Table 3 Comparison of multidrug resistance and methicillin resistance in biofilm-positive and biofilm-negative Staphylococcus aureus isolates
Furthermore, 13 (30.2%) of the total isolates were MRSA. Remarkably, 43.3% of biofilm producers were MRSA, whereas no MRSA isolates were noted among the biofilm nonproducers (P<0.05; ).
Discussion
In spite of the various antimicrobial therapies available, the management of bacterial wound infections remains problematic.Citation3 In the present study, we detected the in vitro biofilm-forming ability of S. aureus isolated from wounds of hospitalized patients and their association with antimicrobial resistance.
In this study, the detection and comparison of biofilm-forming ability were performed using two in vitro methods, TCP and TM, respectively. TCP has been used as a gold standard method, whereas TM is used as a screening test.Citation18 Although TM is one of the simplest methods used, the presence of visible errors should be considered with the method.Citation19 In the present study, the prevalence of biofilm formation was very similar in the two methods (69.8% and 65.1% biofilm formation was detected using the TCP and TM methods, respectively). In addition, we confirmed the accuracy of TM by measuring the sensitivity, specificity, positive predictive value and negative predictive value. Moreover, TM is cost effective and easily available which has to be taken under consideration in a developing country like Nepal. Therefore, TM may be used for the screening of biofilms during routine laboratory work at the general hospital.

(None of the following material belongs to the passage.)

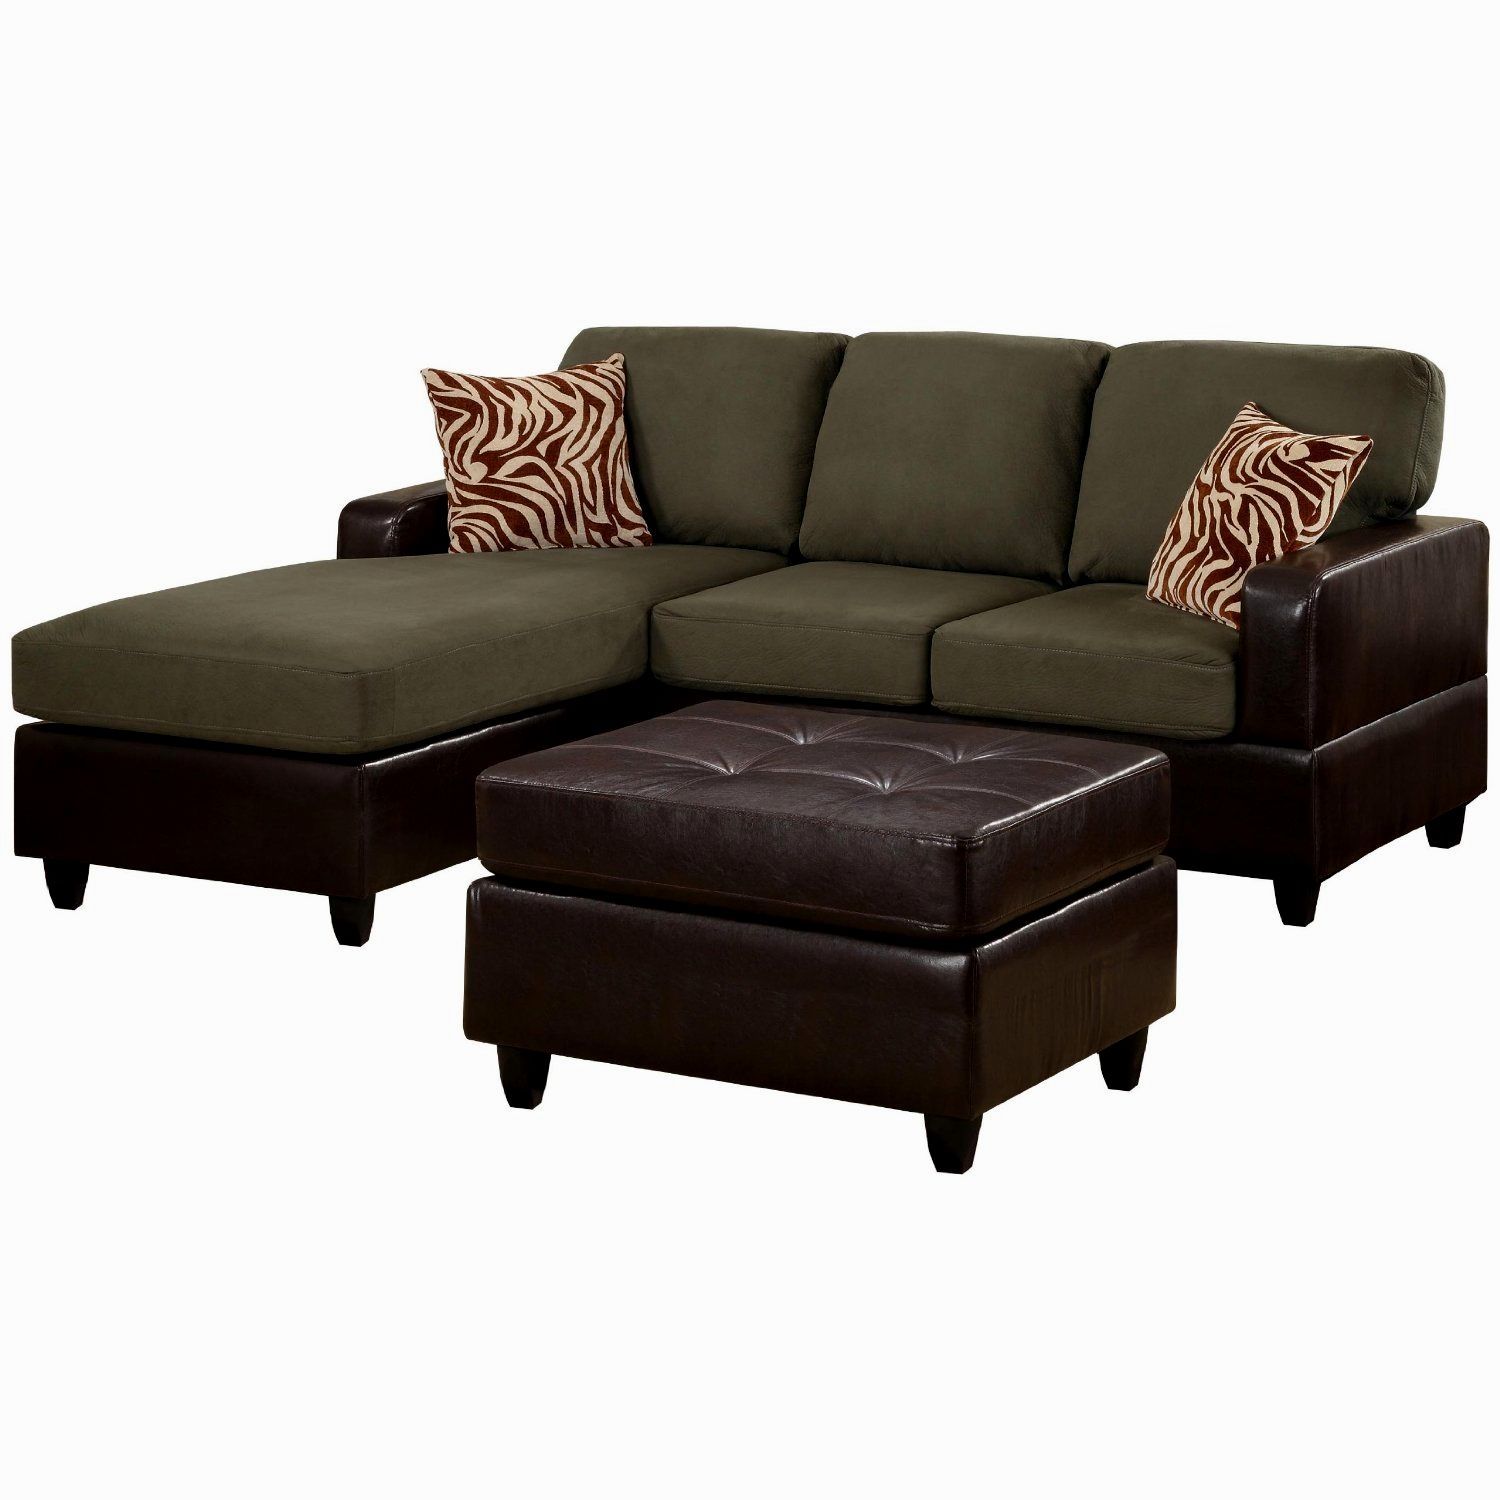 Microfiber Sectional Sofa With Ottoman – Ideas On Foter With Regard To Microfiber Sectional Corner Sofas (Gallery 17 of 20)

Differences in the prevalence of biofilm formation have been reported, with data ranging from <50% to >70%.Citation20–Citation22 The prevalence of biofilm formation in the present study (69.8% was detected by TCP and 65.1% by TM) was in the higher range. Our data, using samples isolated from wound and pus, are similar to that of a previous report that showed 66.67% biofilm formation in the blood samples.Citation23 The potential for biofilm formation in wounds and pus may be similar to that in the blood. Biofilm formation depends on many factors such as environment, availability of nutrients, geographical origin, types of specimen, surface adhesion characteristics and genetic makeup of the organism.Citation24 These factors may have affected the data and contributed to the high prevalence observed in the present study. However, it is not known as to how these factors are involved. Biofilms can form on any wound when planktonic bacteria are not eliminated by the host’s immune system or by exogenous antimicrobial agents.Citation25 In addition, mutations in Ica and regulatory genes have been associated with reduced capacity of S. aureus to form biofilms.Citation26 Taken together, these factors may have affected the results in the present study. Further studies are needed to clarify these phenomena.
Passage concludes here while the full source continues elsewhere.